1998年に制作した「ピエールの荷馬車」という作品がある。
ある生徒から一日教室でその作品の荷馬車部分のつくりかたを教わりたいというご要望があって、先日倉庫から作品を運んできた。そして改めて、まじまじと荷馬車を見ると、肝心の車輪のスポークがねじれて、歪んでいるではないか。思わずウーンとうなってしまった。
考えればこの荷馬車のホイールは、東急ハンズで売っている自然木(多分ツゲ)の輪っかを削ってつくったものだった。それが経年変化によって縮んだらしい。ホイールが縮んだものだからスポークがねじれてしまい、いまにも車軸からもげそうになっている。最後に展示したのは今年の一月、甘楽町展の会場だったが、そのときにはまったく気がつかなかった。

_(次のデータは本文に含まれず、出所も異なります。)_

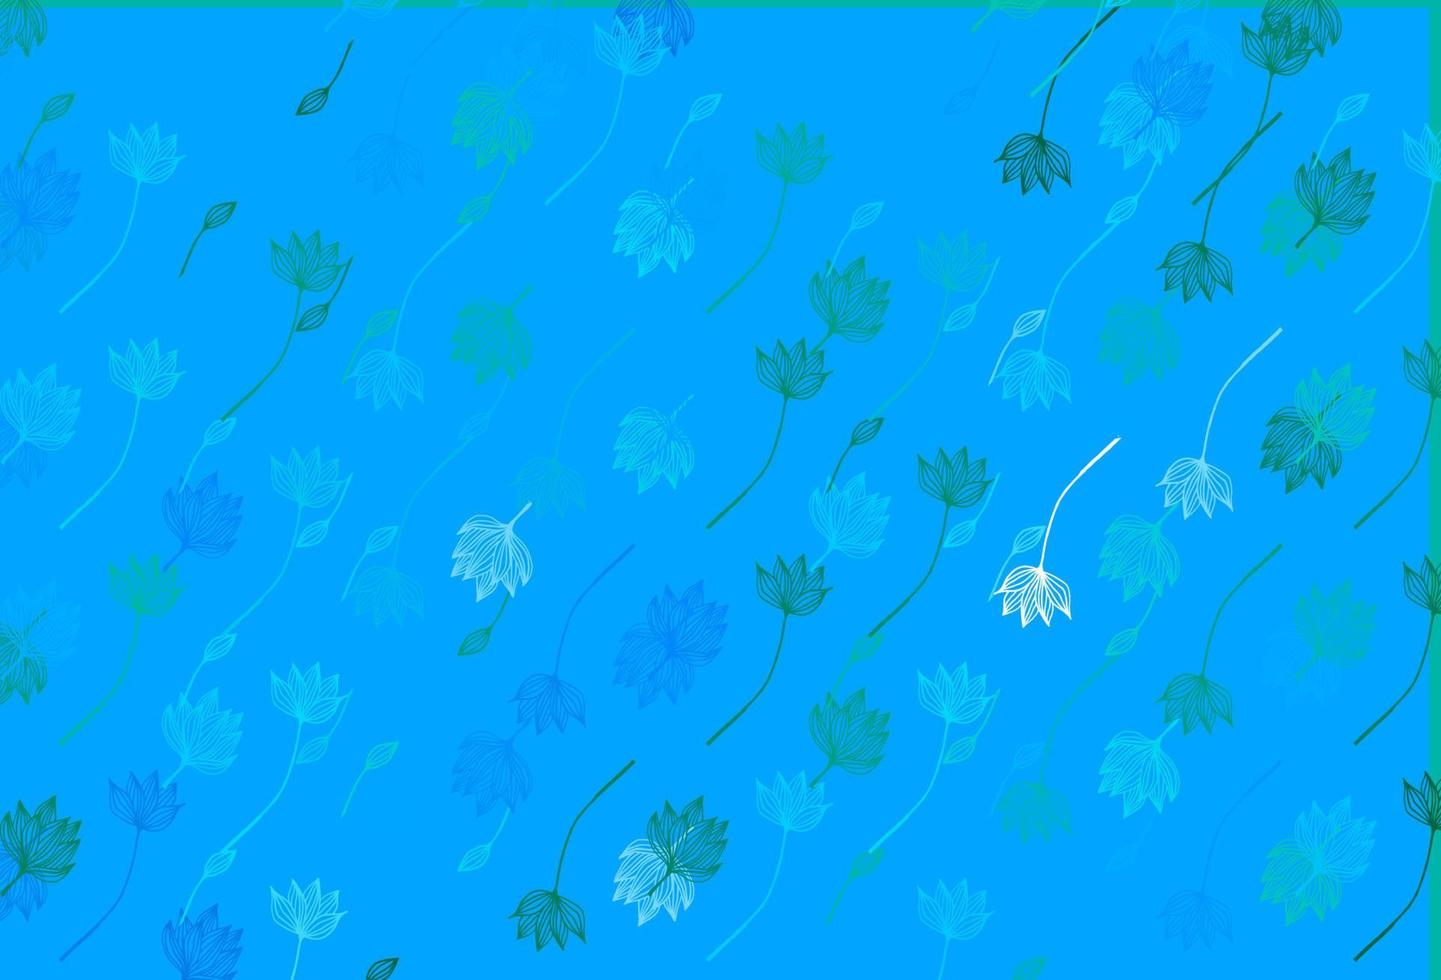 padrão de doodle de vetor azul e verde claro.

いろいろ考えたが結局は車輪をつくり直すしかなく、仕方なく今度は厚さ4ミリのシナベニヤの合板を材料にして、それを糸鋸で輪っかのかたちに切り抜いてホイールとした。合板ならば絶対に縮まないのだ。初期のころはそのことに考えが及ばず、ストラクチャー作品の土台などにもよく自然木を使って、おなじような失敗を繰り返した。ホイールが出来たらあとは簡単、車軸から八方にスポークを張ってそれでおしまい。ほんの2日で修理が完了した。